To speed up the case when the tuples are large and only a small change is being made, I created the Modify operator. It's used exactly like the Functor, except that its input type and output type must be the same. Internally, though, unlike Functor it modifies the input tuple in place and then sends it on. Let's say we write something like this:

stream Increment = Modify(Data) {
output Increment:
   x = x +1;
}

Here's Modify:
       iport$0.set_x(SPL::int32(iport$0.get_x() + lit$0)); 
       submit(iport$0,0);

from an equivalent use of Functor. Note the newly created otuple.

    OPort0Type otuple(SPL::int32(iport$0.get_x() + lit$0), iport$0.get_lotsOfData()); 
    submit (otuple, 0);

In my quick test, this can result in a significant performance improvement for large tuple sizes--23 seconds for Modify versus 45 seconds for Functor. The next section is where we really dive into the guts of Streams.
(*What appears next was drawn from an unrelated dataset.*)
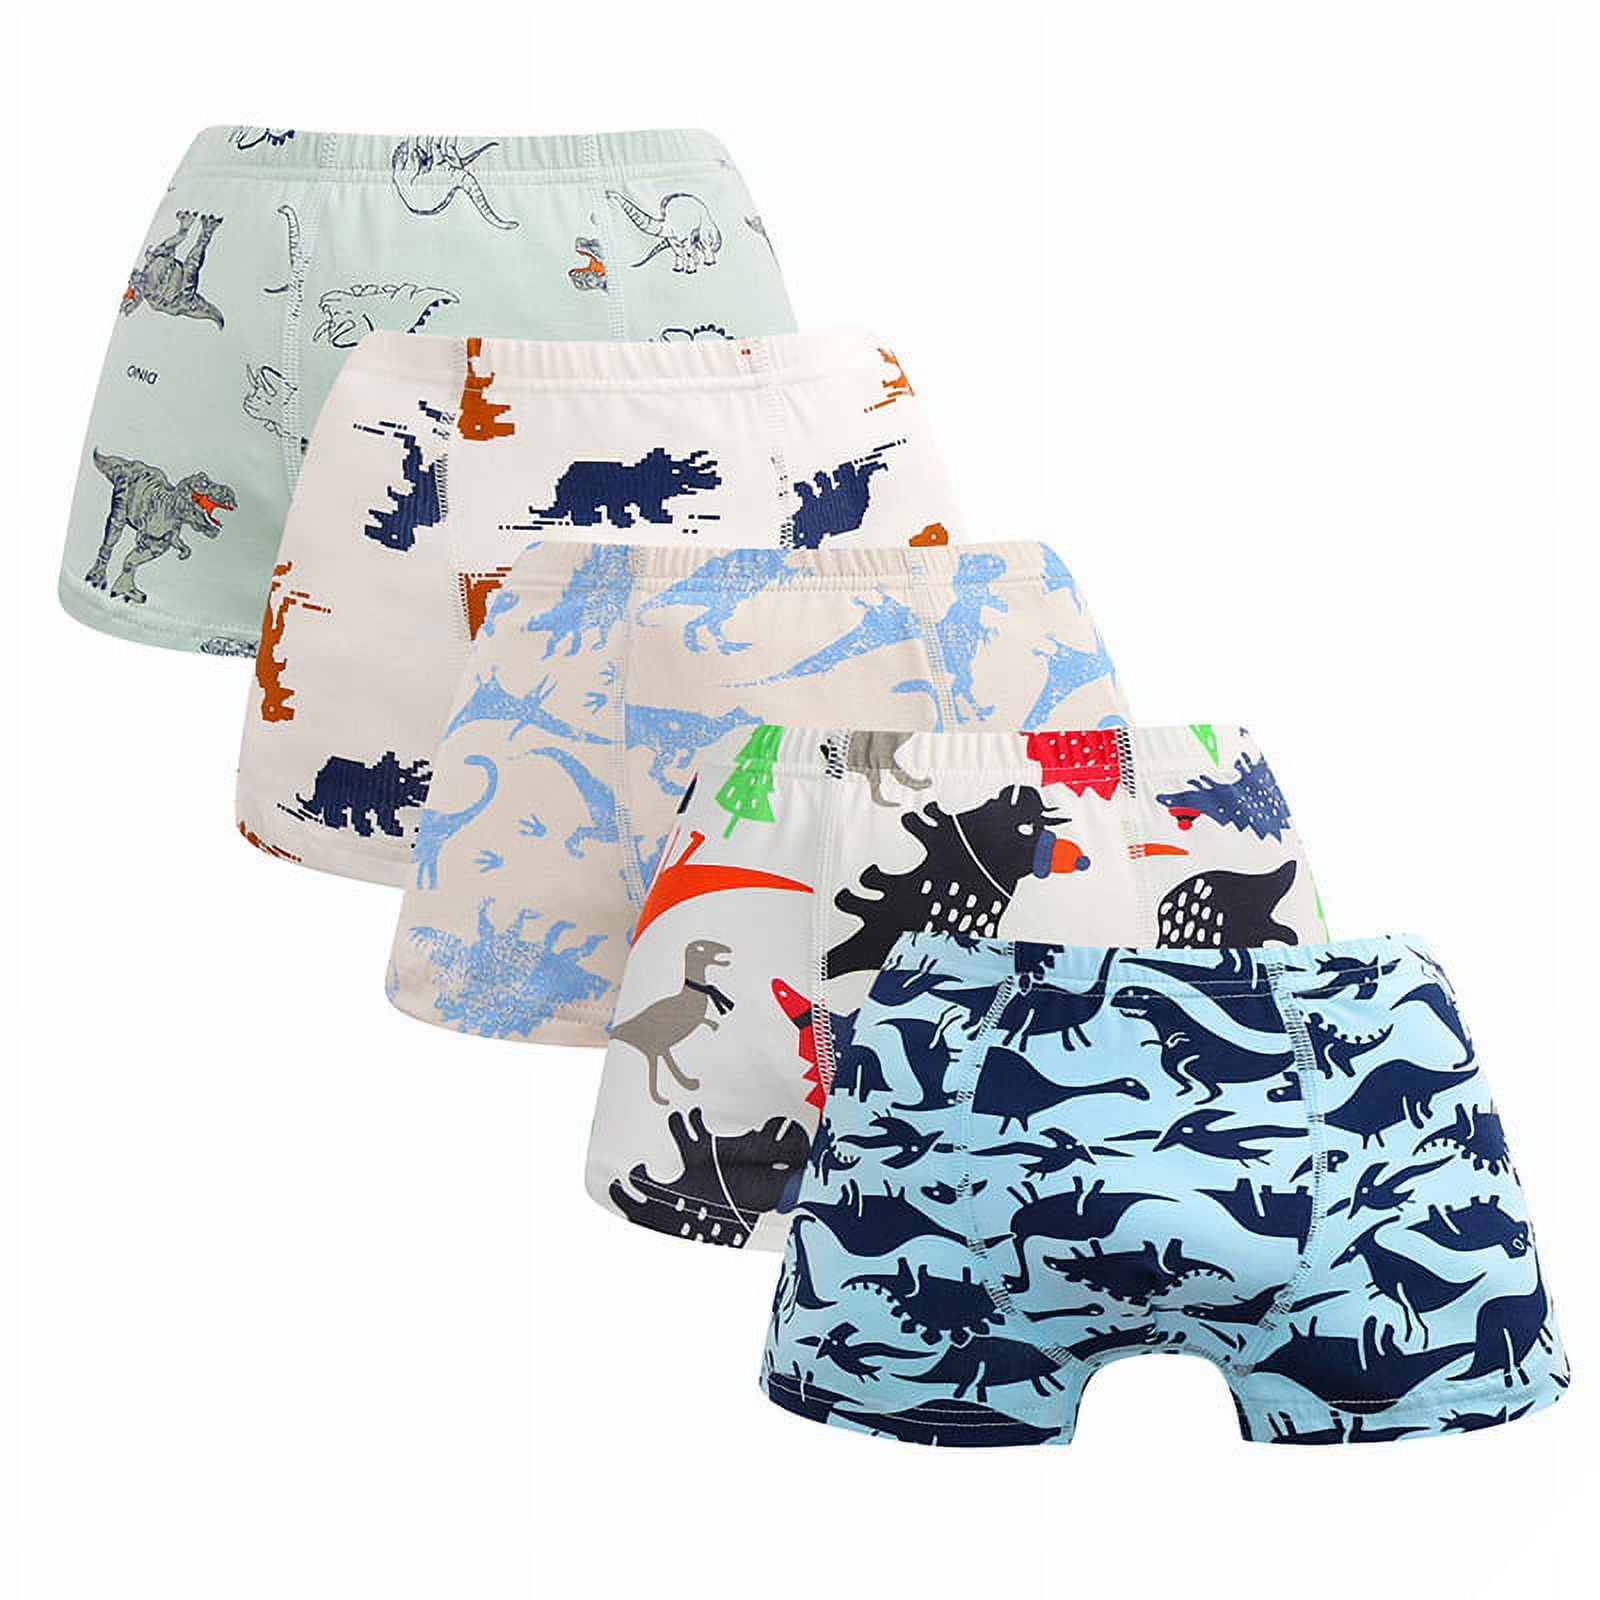 Boboking Baby Soft Cotton Underwear Little Girls'Briefs Toddler Undies :  : Clothing, Shoes & Accessories

Why do we need a new operator?

It is tempting to think we can add this modify-in-place capability to Functor--that is, if the input type and output type are the same, generate code for Modify, and otherwise, generate code as it does now. This would give us one operator that works like Modify when input and output types are the same, and Functor otherwise. But doing this would actually slow down applications in some circumstances, and to explain why, I'm going to have to describe a feature of the Streams runtime you've probably been using but may never have noticed. Consider the following application:

stream Data = Beacon() {
output Data:
   x = 0,y=0;
}

streams IncrX = Modify(Data) {
output IncrX:
    x=x+1;
}

streams IncrY = Modify(Data) {
   output IncrY: 
      y=y+1;
} 

You'd expect that all the tuples on IncrX stream have x=1 and y=0 and that all the tuples on the IncrY stream have x=0 and y=1. When the Beacon is in a different PE than IncrX and IncrY, the tuple from the Beacon is copied to IncrX and IncrY. But when we use partitionColocation to put them inside a shared PE, or when its run in standalone mode, tuples are passed by reference between operators. To ensure this doesn't result in the same tuple being changed by IncrX and IncrY, in order to prevent the output from having a tuple with both x and y incremented, the SPL runtime needs to make a copy of the tuples on the Data stream, to ensure that the same C++ object isn't sent to both IncrX and IncrY. But now let's look at that same app with Functor instead of Modify:

composite NoRuntimeCopy {

graph
stream Data = Beacon() {
output Data:
   x = 0,y=0;
}

streams IncrX = Functor(Data) {
output IncrX:
    x=x+1;
}

streams IncrY = Functor(Data) {
   output IncrY: 
      y=y+1;
} 
}

In this case, the SPL runtime does NOT need to copy the tuples on the Data stream. Since Functor does not modify its input tuples, it can send the same tuple to IncrX and to IncrY, and there won't be a tuple with x==1 and y==1. And, in fact, the SPL runtime does not make a copy in this case, and uses the same tuple. This brings up the question: How does the SPL runtime know whether it's dealing with an operator like Modify for which it needs to make a copy, or an operator like Functor? To do make that decision, it uses the operator model. Remember that that operator model is the same for all invocations of the operator, no matter its input or output tuples. One of the properties of an input port in the operator model is tupleMutationAllowed. If we allow Functor to sometimes change its input tuple, then we'd have to change the tuple mutation allowed to be true, and the runtime wouldn't know when it was safe to skip a copy, and we'd do extra copying in some cases. As far as the SPL runtime is concerned, there's one big difference between Functor and Modify: Functor agrees not to change or update its input, but Modify makes no such promises.

Final notes

This post can be summed as use Modify instead of Functor when your input and output types are the same. But the broader message here is to be aware of when the Streams runtime and operators are copying tuples. This post is actually a simplification; the SPL runtime uses more information than just the tupleMutationAllowed attribute to decide whether a copy is necessary. See here for details.